Thanks, ardour. It made me a better person at least. :)
 
"being single isn't a status. it's a word that describes a person who's strong enough to enjoy life without depending on others"

that about sums it up for me.
 
Blossomforth said:
i've never been in a relationship before. social anxiety mixed with low self esteem kinda does that to oneself. i've had my share of crushes and dates, but nothing really stuck for me.

social anxiety and low self esteem has nothing to with it... your not the only in one in the world who suffers from it, people still have relationship through it all.... its not that hard... just speak up.... they have all type of dating sites... all type of places where people can nicely be social you have clubs where no one judges you because their all there to have fun you cant use the excuse " i feel ugly " nowadays people like ugly people anywayz
 
daddymack said:
Blossomforth said:
i've never been in a relationship before. social anxiety mixed with low self esteem kinda does that to oneself. i've had my share of crushes and dates, but nothing really stuck for me.

social anxiety and low self esteem has nothing to with it... your not the only in one in the world who suffers from it, people still have relationship through it all.... its not that hard... just speak up.... they have all type of dating sites... all type of places where people can nicely be social you have clubs where no one judges you because their all there to have fun you cant use the excuse " i feel ugly " nowadays people like ugly people anywayz

Well, social anxiety can make it really difficult to approach other people.

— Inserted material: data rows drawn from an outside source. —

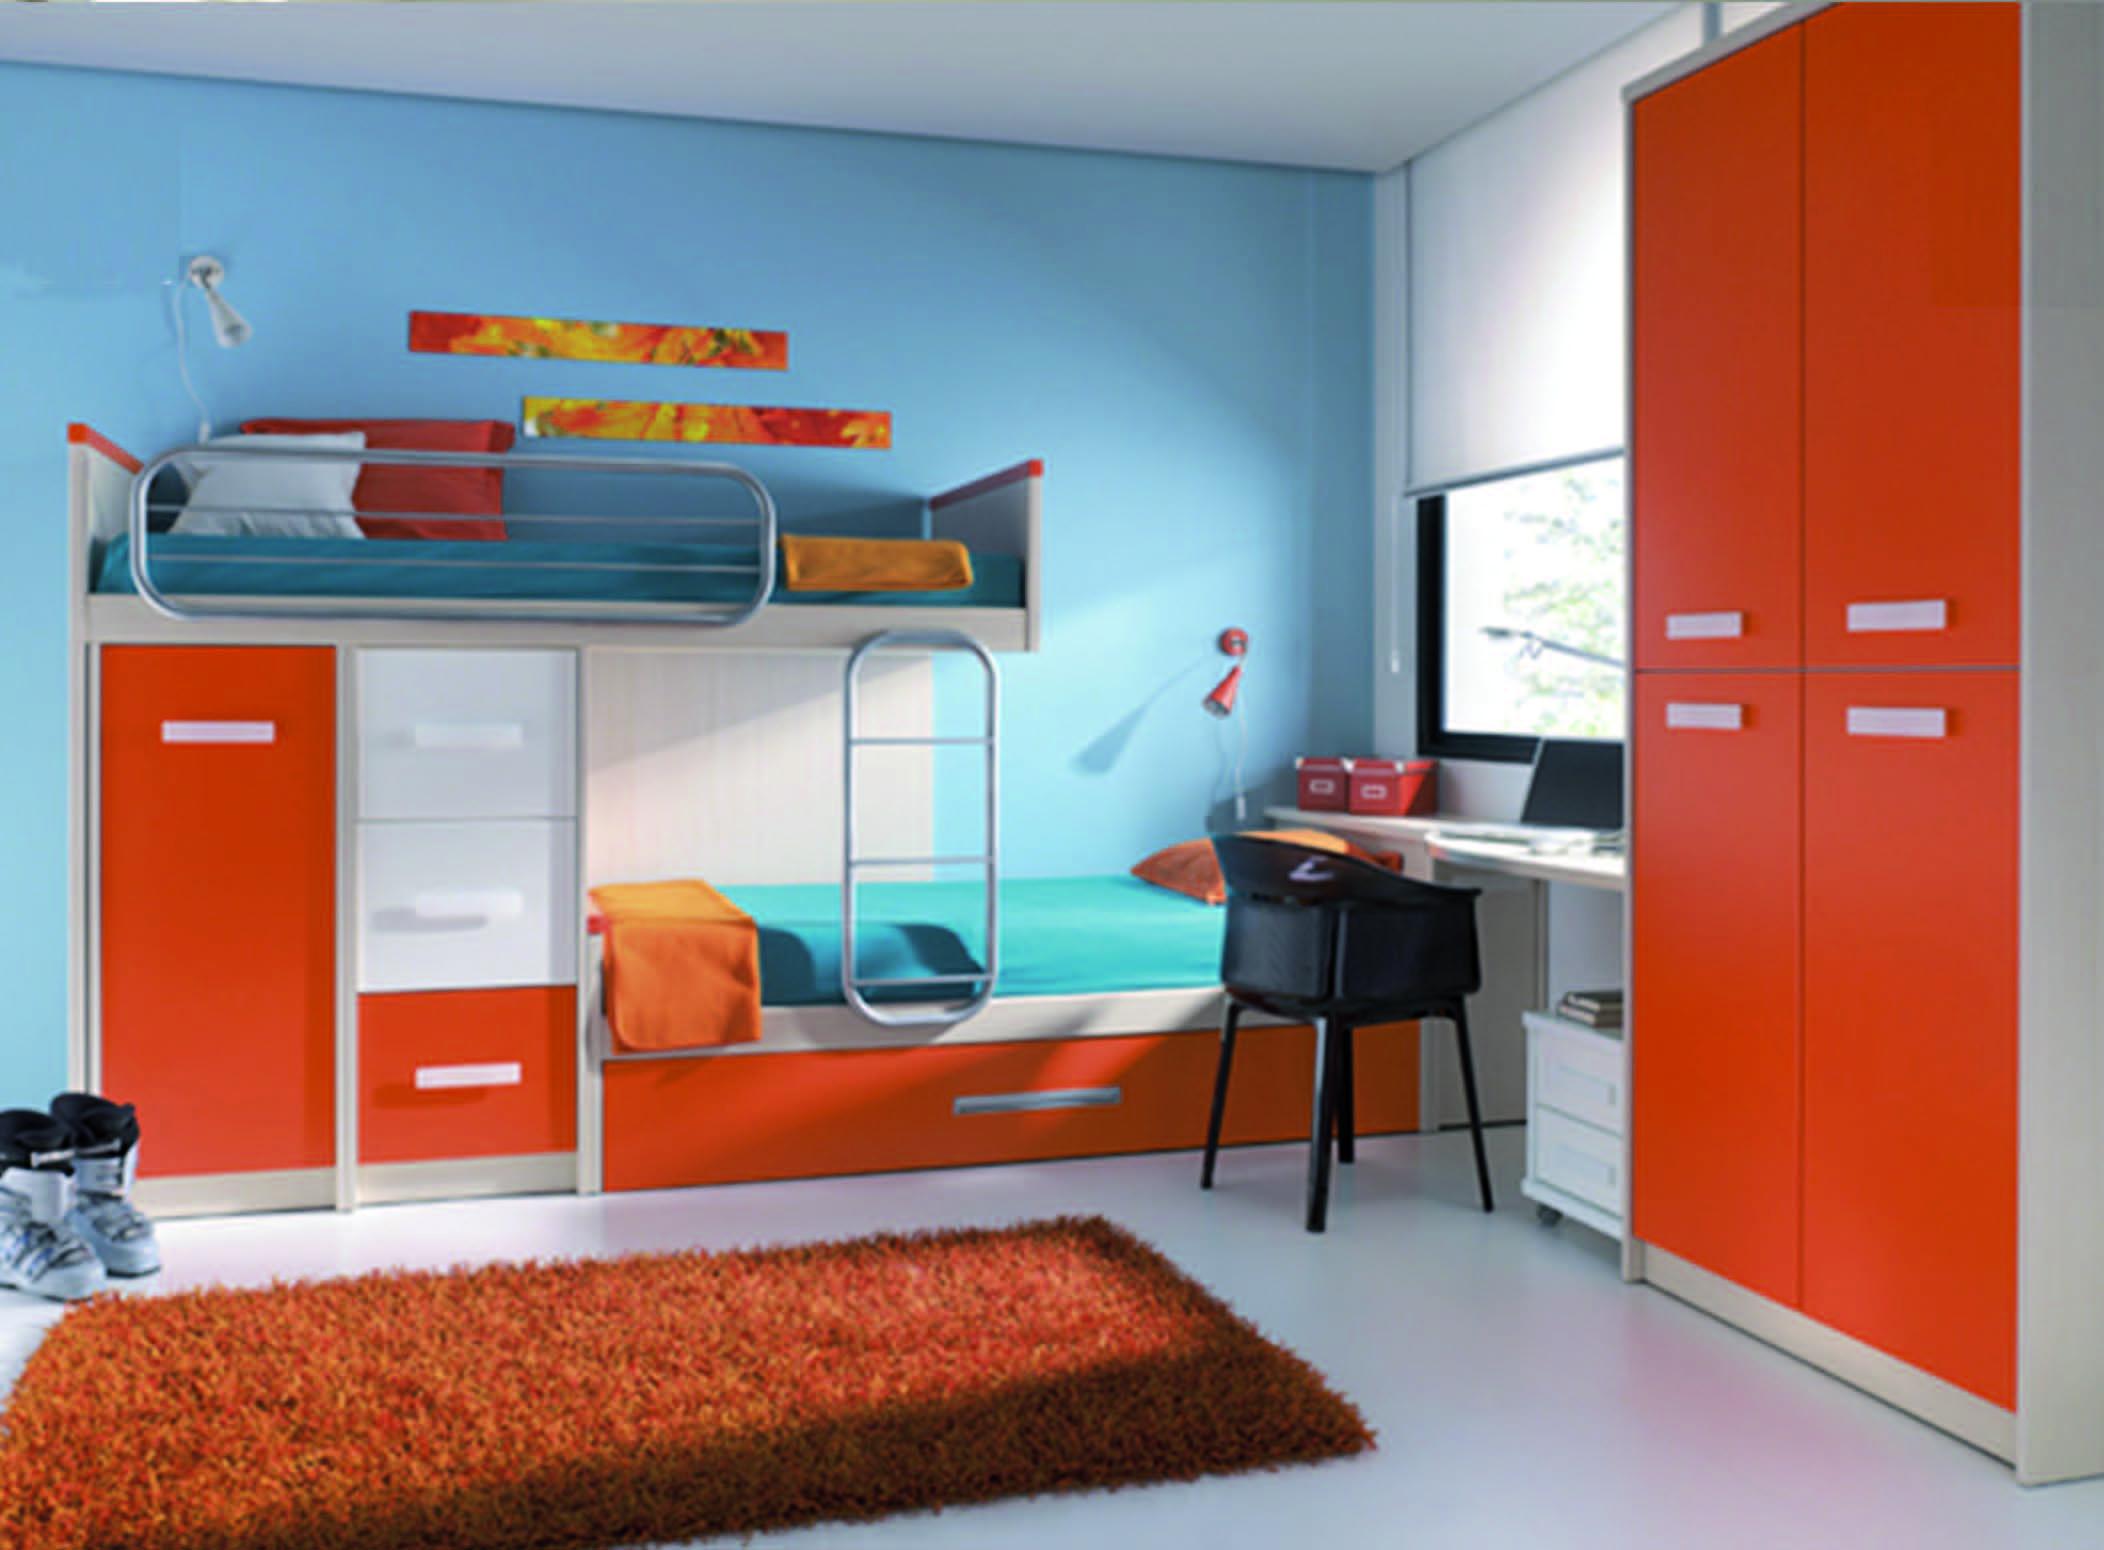 Fotos colores de habitaciones images - Colores para habitaciones ...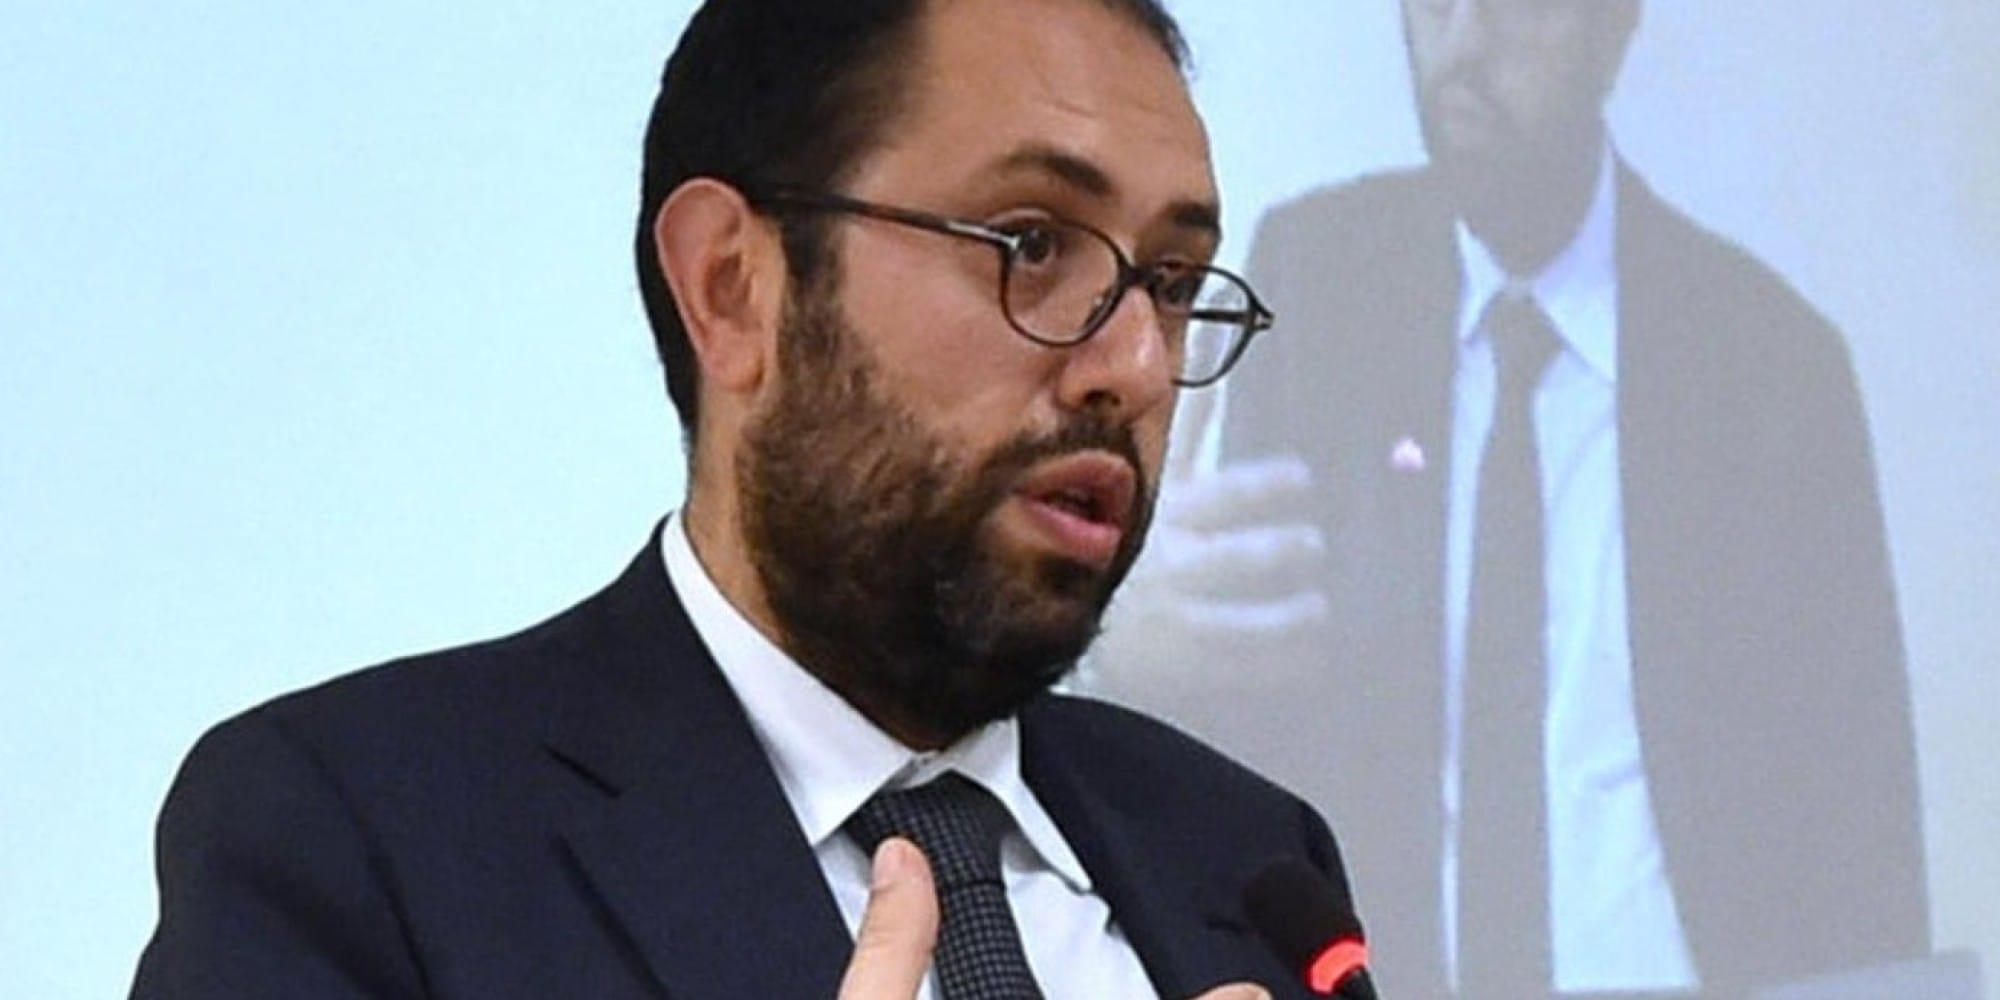 """Tommaso Nannicini: """"I richiami non ci preoccupano, il Paese ha bisogno di crescere, con la Ue normale confronto"""""""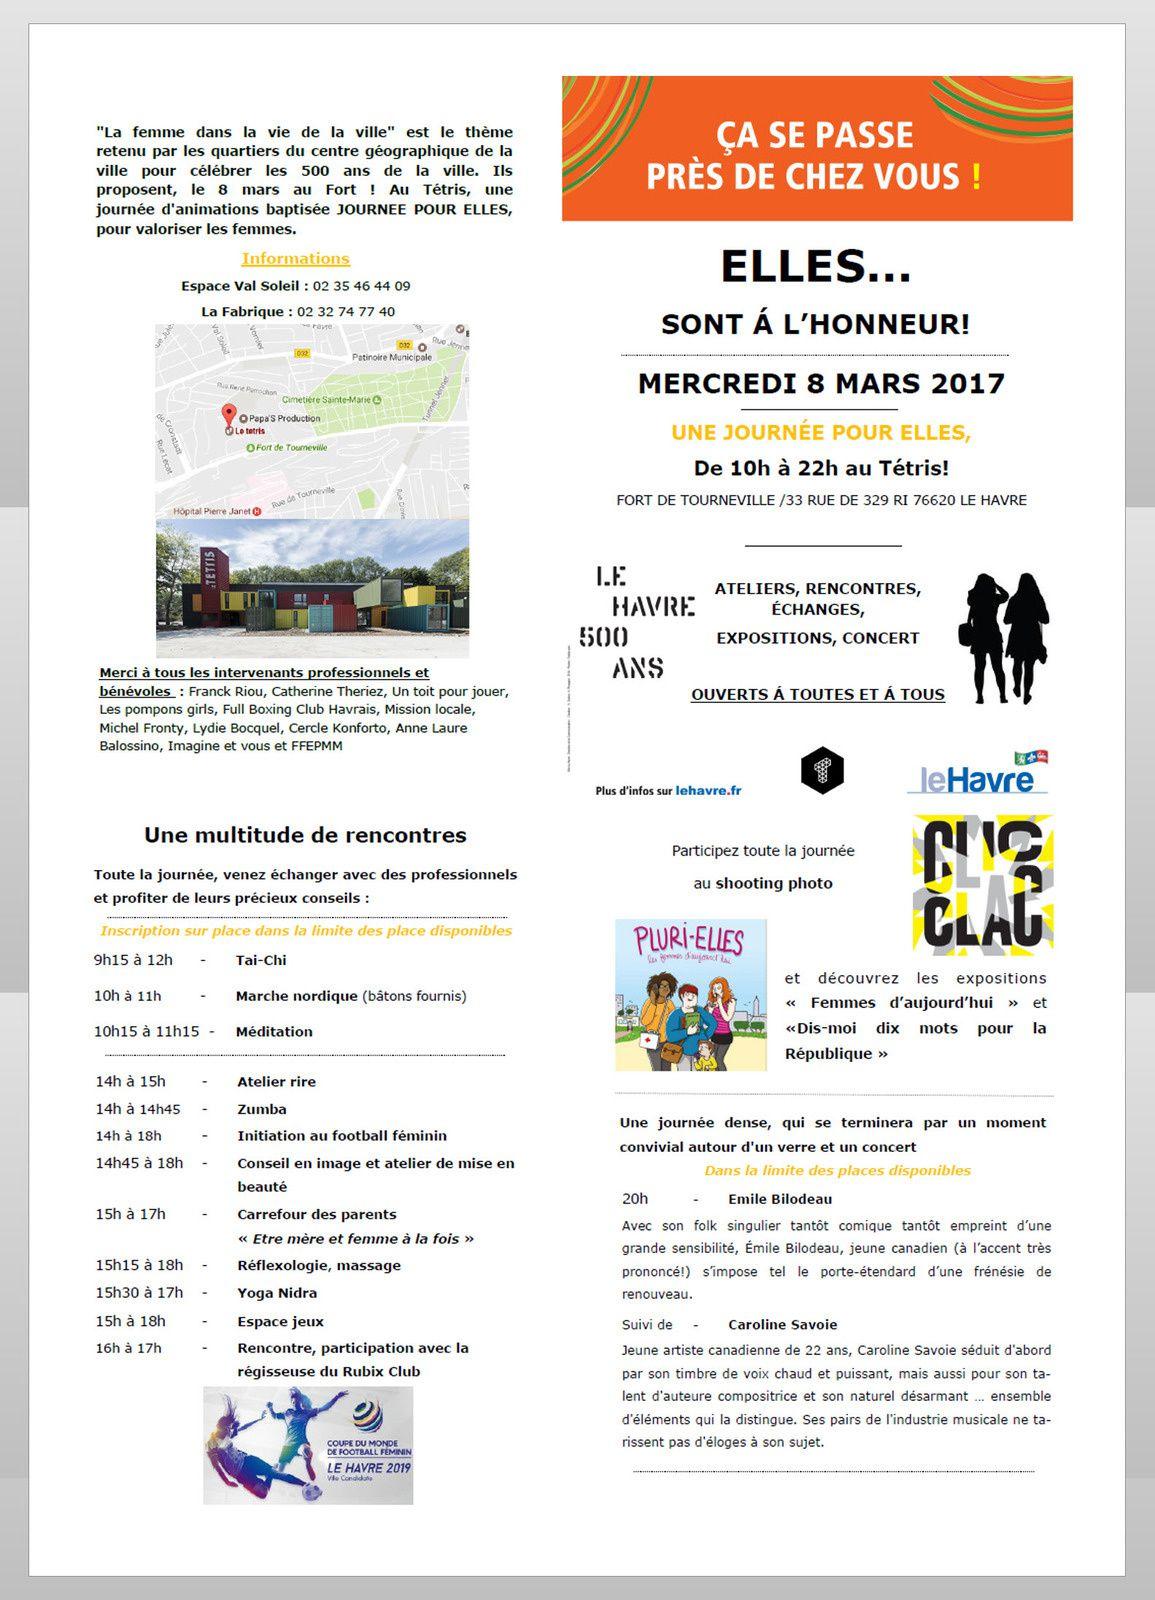 ELLES... SONT A L'HONNEUR

So it can prevent you from making friends or finding a partner. It is not as easy as "just speak up".

And to answer the question of the thread: I didn't have a relationship so far.
 
daddymack said:
social anxiety and low self esteem has nothing to with it... your not the only in one in the world who suffers from it, people still have relationship through it all.... its not that hard... just speak up.... they have all type of dating sites... all type of places where people can nicely be social you have clubs where no one judges you because their all there to have fun you cant use the excuse " i feel ugly " nowadays people like ugly people anywayz

it should be called relational anxiety - extends to more than social situations or getting-to-know-you chat. Low self-image makes it difficult to function in a close relationship with someone; the awkwardness of being that close, the fear of being dumped and having all the negative ideas about yourself confirmed.